Moiré effect on 8 shafts

Nederlandse versie hier.

While looking for interesting structures to weave, I came across Eva Stossel’s moiré experiment. She was building on experiments and work by Verda Elliott to obtain the moiré effect in weaves. I was immediately fascinated. Only I did have a problem, the technique explained there is meant for a 16 shaft loom where mine has only 8, so I made another version that does fit on my loom.

The moiré effect is best known from the graphic arts world, the unwanted flowing curved lines across a photograph that can occur as a result of misplaced grids in the printing process. You can also encounter it in videos when someone in the recording is wearing a shirt with thin lines.

To get this effect, Eva and Verda used 15 shafts instead of 16. This is because an odd number of shafts is more likely to achieve the moiré effect. But with 8 shafts I have far fewer options, so I used an even number anyway and started experimenting (more) in the weft itself. I do use the binding drawings in designing series of wefts. In most weaving software, after some fiddling with the binding drawing, you can convert everything at once to an “lift plan,” the wefts for a table loom. There again, you can adjust each wefts, although I didn’t do that in the final moiré drawing.

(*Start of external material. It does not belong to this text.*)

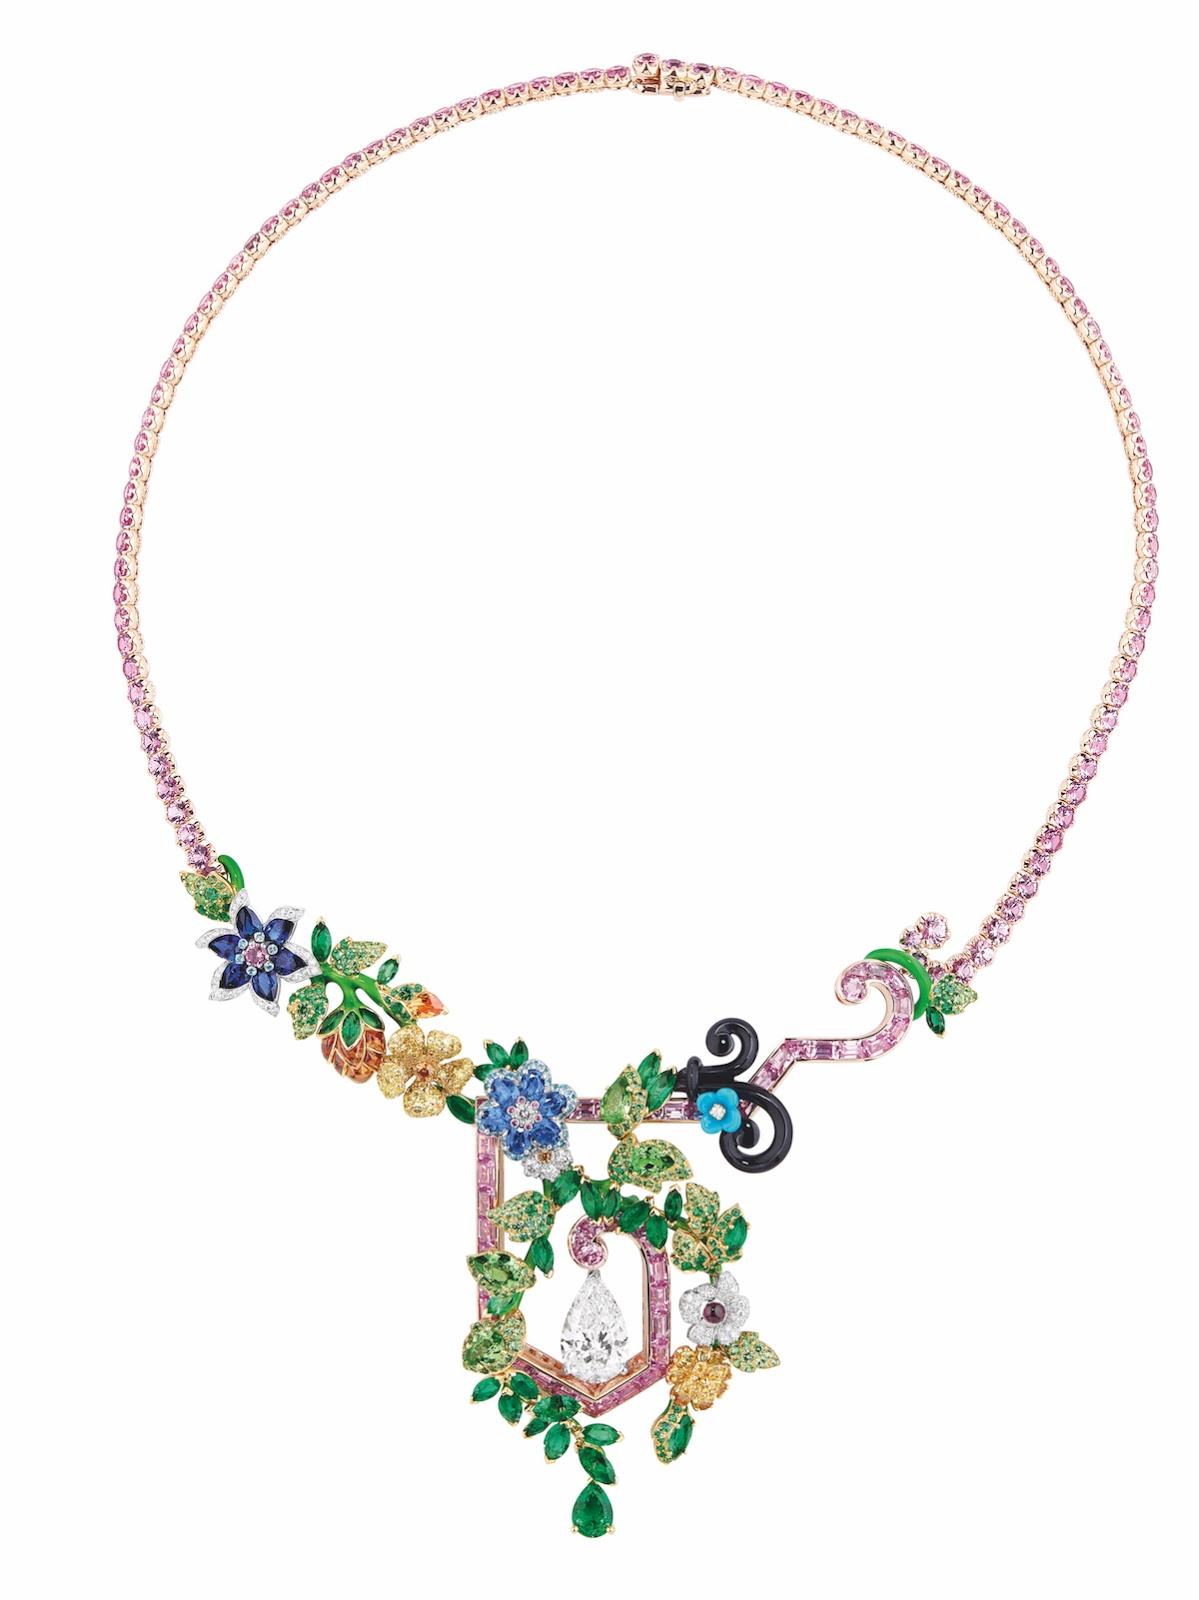 Dior A Versailles, Cote Jardins, Fine Jewellery Collection

To achieve the moiré effect in the weave, you divide the shafts and weft into two combined weaves where you already insert some kind of defect in the warp. The back four shafts have a regular diagonal threading as in twill weave, and in the front four shafts the “steepness” of that diagonal varies. If you look at the binding drawing you will see that only the upper right and lower left are used. Top left and bottom right are consistently not used so you are really weaving two fabrics together. I did play around with it, but it didn’t work for me to deviate from this. In the warp and in the weft, you always alternate in making the bindings for one pattern and then the other.

For the warp I used cottonline 22/2, which is the same thickness as cotton 8/2, with an 80/10 reed. For the weft, I used 8/2 cotton, which is less matte than cottonline. After much puzzling and weaving, I arrived at a variation that I found most similar to the experiments I found on Eva Stossel’s blog. And actually felt like a moiré effect. I also came across other results during the process that are not necessarily moiré, but are fun to weave. More noise or chaos with movement in it.

Moiré weave for 8 shafts. On the right is the lift plan for table loom. I did not change anything in the weft after converting to elevator plan so it can also be used on a treadle loom.

wif file for table loom moire-tableloom-8shafts.wif
wif file for stair loom moire-treadleloom-8shafts.wif

After drawing and weaving several variations, I arrived at this wavy nois weave. On the left the earlier attempts where the bindings and flotations did not correspond finely with each other. On the right my final design. For table loom.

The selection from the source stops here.